Darren Appleton goes all in with the World Pool Series, his new professional 8-ball tour he hopes will catch the fancy of millions of players and fans around the globe.

By Ted Lerner

With multiple world championships and a slew of titles in his pocket, and a well-deserved reputation as one of pool’s hardest working pros, England’s Darren Appleton is the embodiment of that old phrase, “hard work has its just rewards.”

Which is why the world’s best pool players, and pool fans across the globe, are quietly optimistic about Appleton’s newest venture into pool; as a promoter of the newly formed World Pool Series, which kicks off in mid-January in New York City.

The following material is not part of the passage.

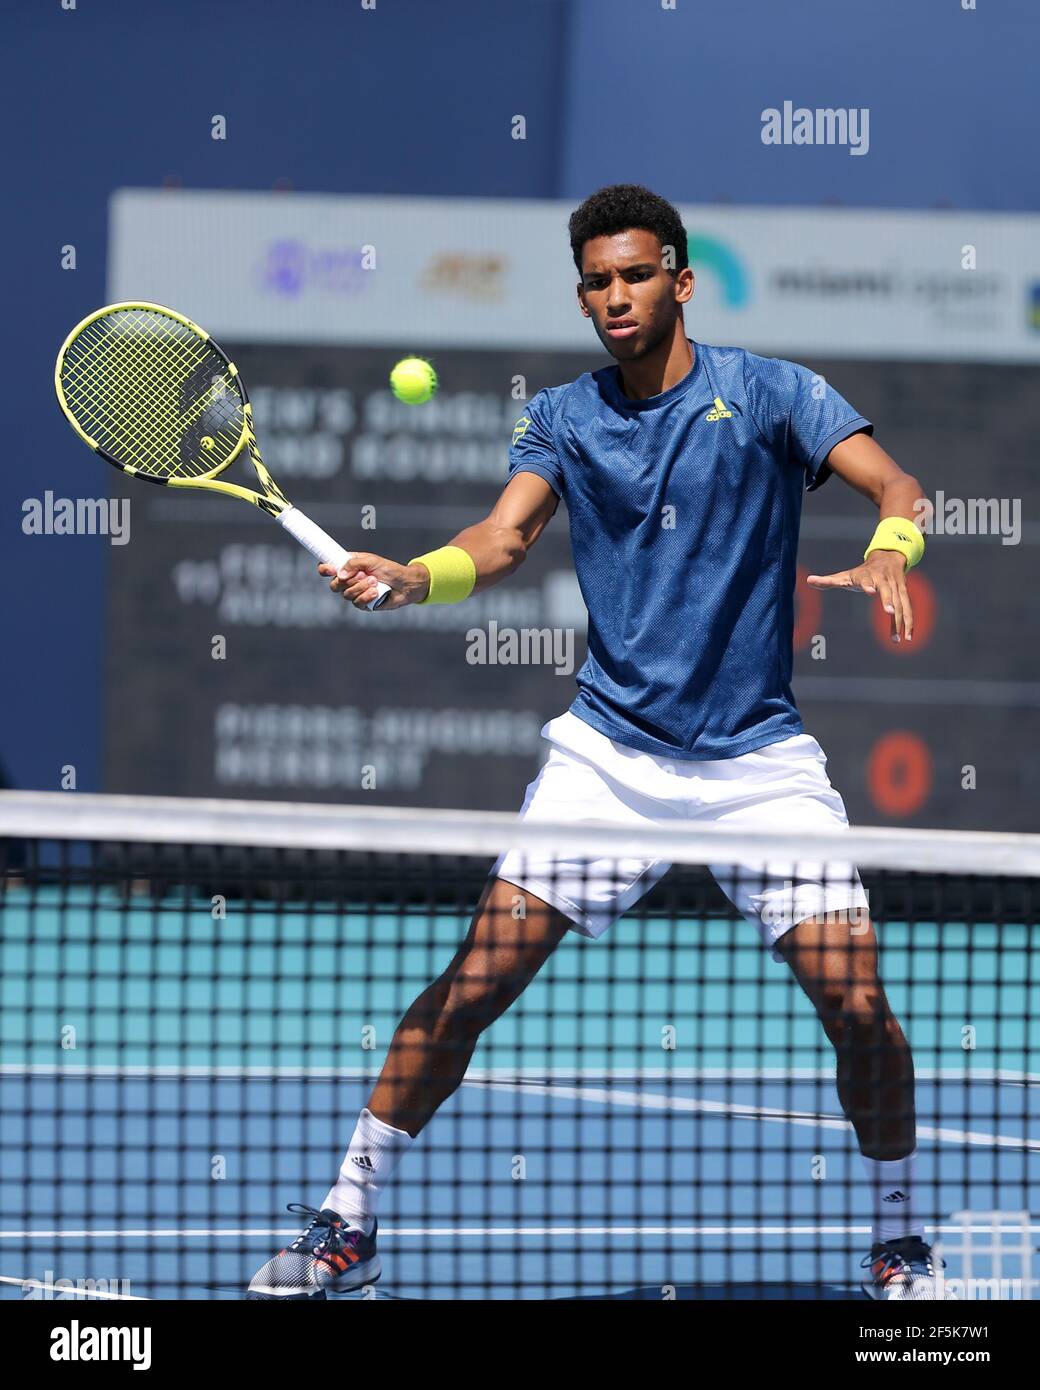 MIAMI GARDENS, FLORIDA - MARCH 26: Felix Auger-Aliassime practices prior to  his match on Day 5 of the 2021 Miami Open on March 26, 2021 in Miami  Gardens, Florida People: Felix Auger-Aliassime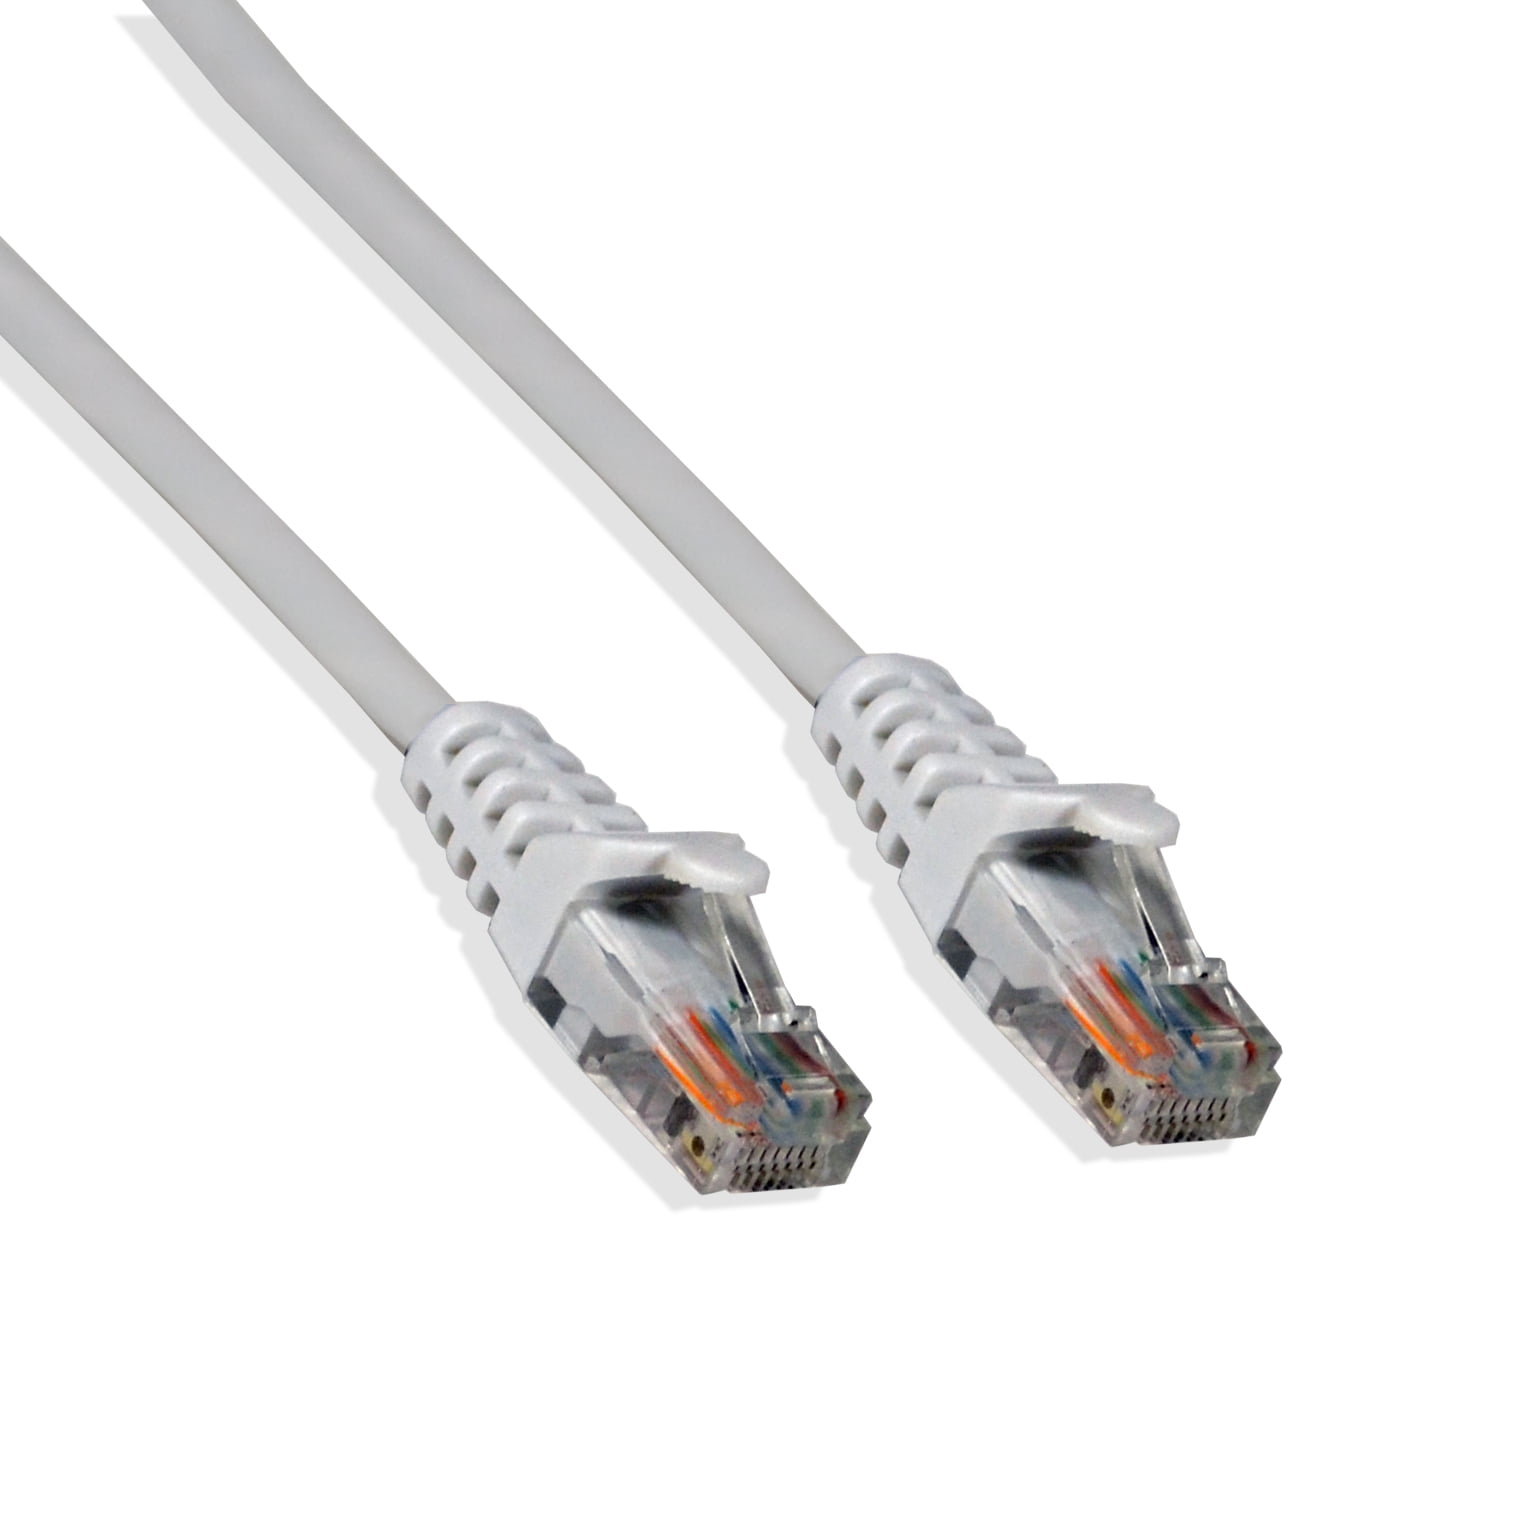 J&D Ethernet Extension Cable, Cat 6 Ethernet Extender Cable Adapter (9  Feet) Support Cat6 / Cat5e / Cat5 Standards, RJ45 Cords Shielded Male to  Female

The World Pool Series(WPS)  consists of four separate 8-ball events to be played throughout the course of 2017. The WPS is organized as a tour, with rankings points from earlier events carrying over to later events and determining entrants and seeding’s, and even who qualifies for the following year’s tour. It’s named the World Pool Series Appleton said, so as to leave open the possibility of making some events 9-ball, straight pool, etc.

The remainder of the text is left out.